My teen left her phone at home when she went to school so unfortunately she can’t text me if she needs anything. Fortunately she also can’t text me if she needs anything.
6: My favorite kind of melon is Watermelon. What’s your favorite kind of melon?
11: Post Melon
6:
app: do u want me to notify u
me: of what
app: of me
me: i know about u
app: this is to remind u
me: don’t need that
app: ok let’s discuss again later
I love Instagram’s new direct messaging feature because I’ve always thought, “If only this picture of someone’s dinner was just for me.”
Obama: Didn’t think he’d be late
Biden: I gave him the wrong address
Obama: Joe he’s the president-elect
Biden: idgaf what they call him
Do I want to change career and uproot my entire life or is it just 6pm on a Sunday
(At the dentist)
‘Your grinding isn’t good.’
Excuse me! I’ve never had a man complain before.
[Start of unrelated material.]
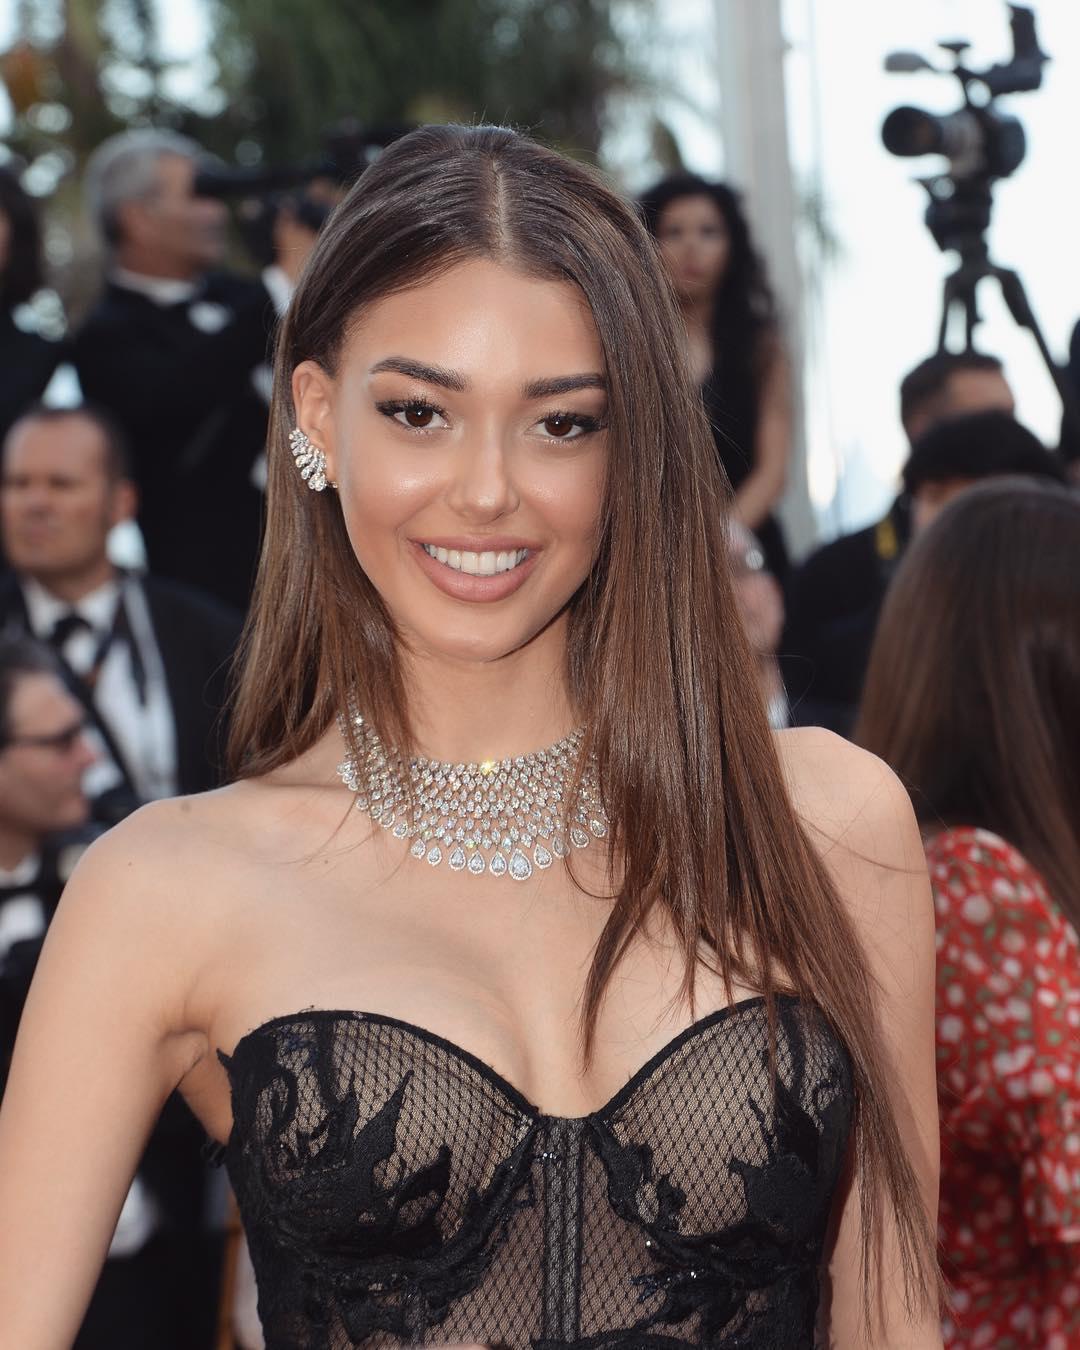 Çukur dizisinde Sena karakterine hayat veren Dilan Çiçek Deniz katıldığı geceye seksi siyah transparan elbisesi ve güzelliğiyle damga vurdu.

– What was high school like for you?
*2h22m later
– That was just the plot to Shawshank Redemption
Me: Granted, the similarities are uncanny
All you need for your kids to fall asleep at a reasonable hour is wake them up before sunrise and go to an amusement park in the blistering heat for 9 hours.
Giving someone a Christmas card is like saying, “Hey I spent $0.99 on this and signed it, can you throw it away for me?”
I’m not saying it’s been a while, but, the last time a girl got down on her knees for me, she showed me how to tie my shoelaces.
“I’ll take movies for $500 Alex”
Tim Burton directed this dark tale starring Johnny Depp & Helena Bonham Carter
“You gotta be kidding me”
“People want to drink a panic attack.” — inventor of 5 Hour Energy
[breakfast]
Her: Ugh. Dropped an egg.
Me: You could just say you’re ovulating, you know.
*holding cardboard sign by intersection*
NOT POOR JUST ON MY WAY TO BREAK DANCING SCHOOL
Despite my rock and roll lifestyle, I’m pretty sure I’m going to die via punctured gums from a tortilla chip.
if the moon landing really happened then where did the moon land?? i don’t see it anywhere you think you’d notice it i mean it’s at least 5, 6 feet wide
BABY COW: [points at human] What’s that?